Prerecorded CDs, CD-ROMs relating to golf; computer games software; computer and video game cartridges; computer game software for hand-held units for playing video games; video tapes, laser discs and DVDs featuring golfing activities, the sport of golf and the history of golf. Jewellery; watches; cases for watches.Class Publications, namely, books and magazines relating to golf and sport; calendars; photographs, mounted and unmounted; stationery; printed score cards; printed instructional and teaching material on the subject of golf; printed golf course guides, posters; maps; prints; pictorial prints; photographic prints. Golf umbrellas; luggage. Drinking glasses; decanters; coasters not of paper.Golf towels. Golf balls; golf clubs; divot repair tools; head covers for golf clubs; golf bags. Advertising; business management; business administration; office functions.Arranging and conducting tours and trips; Arranging, organizing, and conducting tours and trips in the field of golf. Hotel and restaurant reservation services; Hotel, restaurant and bar services; Hotels; Resort hotels; Resort lodging service. Health spa services for health and wellness of the body and spirit offered at a health resort; Health spa services, namely, cosmetic body care services.


Now once again, just so we're clear they wish to TRADEMARK the name St Andrews!

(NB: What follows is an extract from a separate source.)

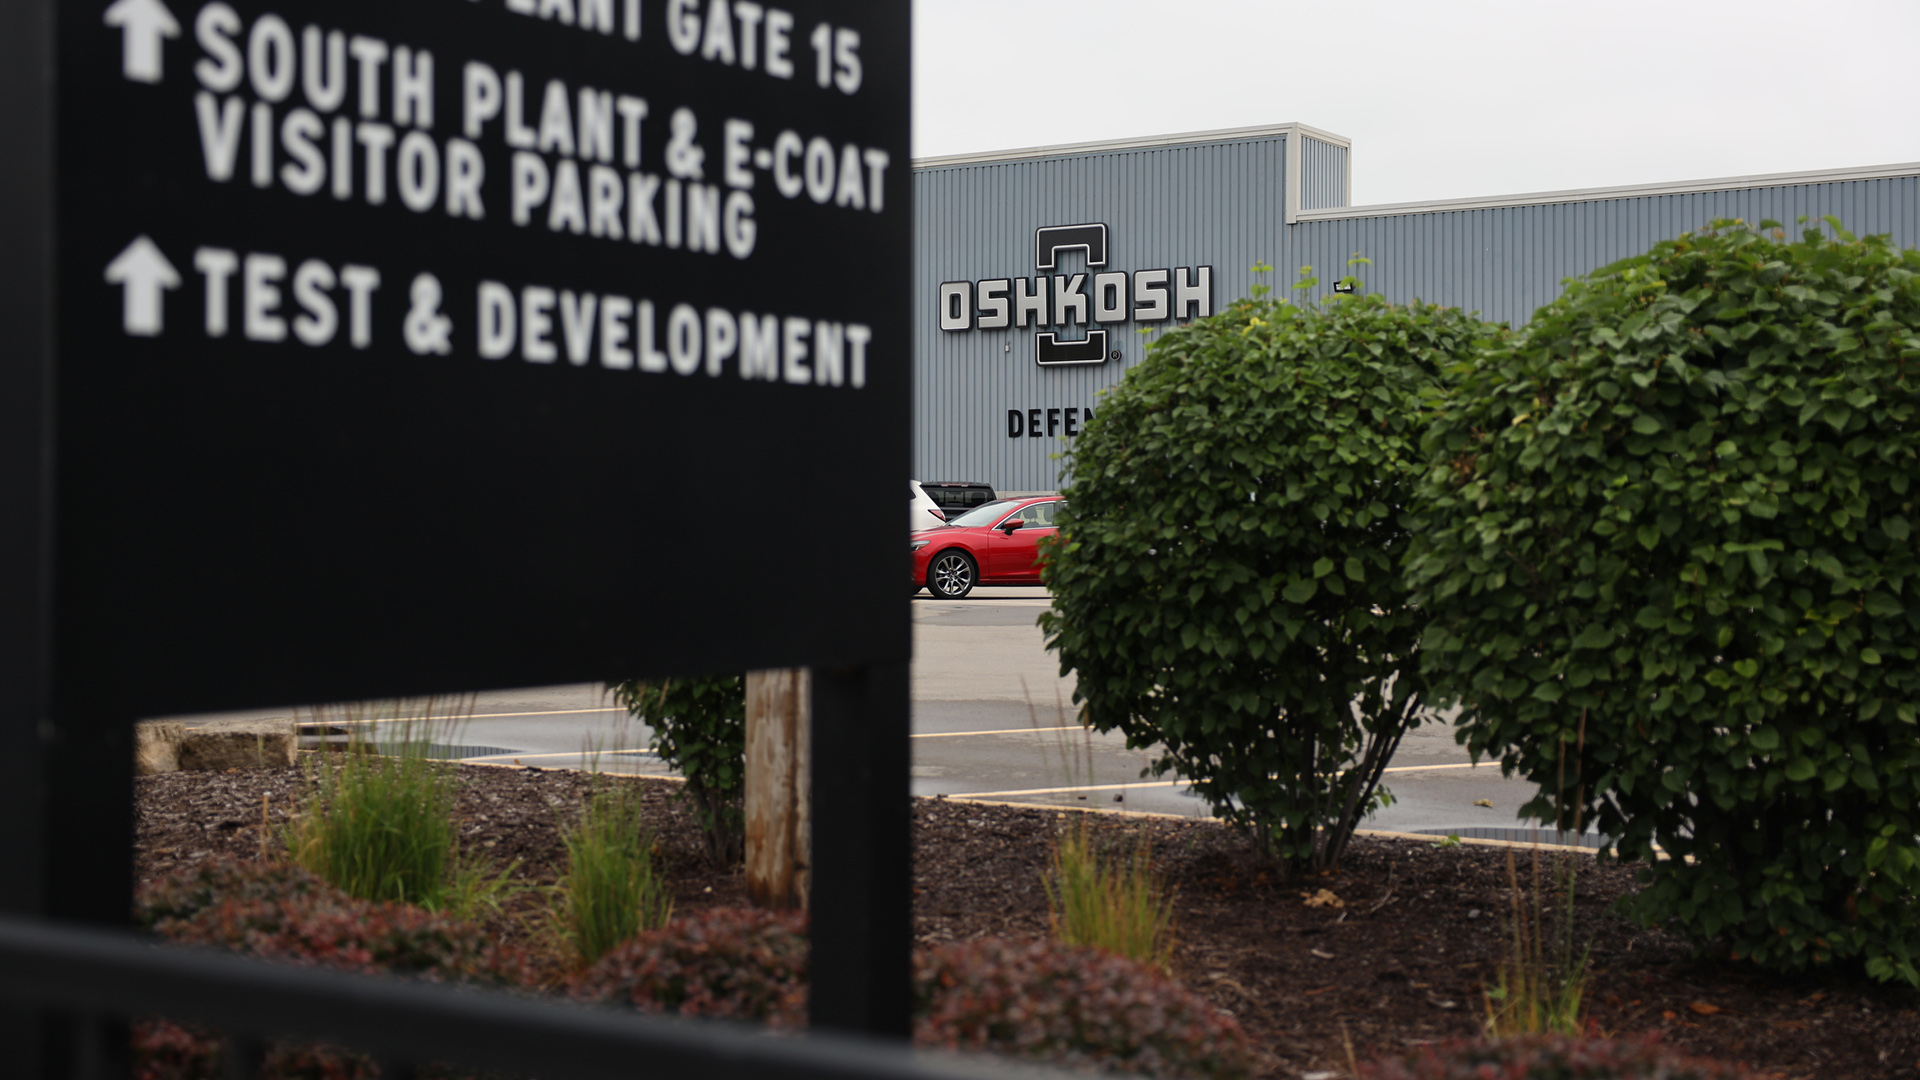 The wordmark for Oshkosh Defense is on the wall of a low-slung building with corrugated metal siding , with bushes and a sign with arrows pointing to "South Plant & E-Coat Visitor Parking" and "Test & Development" in the foreground.

Dare I be so bold to suggest St Andrews Links Trust that you should have NO CHANCE. 

To those of us unsure of copyrights issues and trademark law it just seems completely Unbloodylievable and stinks of complete and utter organisational arrogance.

So what should you do? Well we could publish the email address of the Links Trust and it would probably take down their servers so we wont! 

In our humble opinion St Andrews Links Ltd should just do the decentt thing and withdraw their application but I guess that is not likely. So here's how it goes and the rules of engagement set out on the IPO website where the application has been published and if anyone wishes to oppose it please get in touch.

Opposition Proceedings

What is opposition? 

When a trade mark application has successfully completed the examination process it is accepted and published in the on-line Trade Marks Journal. It is then open to any third party (an opponent) to oppose its registration on either absolute and/or relative grounds. It is possible to oppose the entire application or the registration of the mark for only some of the goods and services.

What are absolute grounds?

The absolute grounds cover defects in the trade mark itself. The most common reasons for opposing a trade mark application is that the trade mark is descriptive of the goods and/or services for which it is to be registered, or that it is generic for those goods/services, or otherwise non-distinctive and should therefore be free for everyone in that line of trade to use.

What are relative grounds?

Relative grounds means that there exists an earlier trade mark or earlier right (which does not have to be registered) owned by the opponent with which the applicant‟s trade mark would conflict if it were used. Who can oppose a trade mark application?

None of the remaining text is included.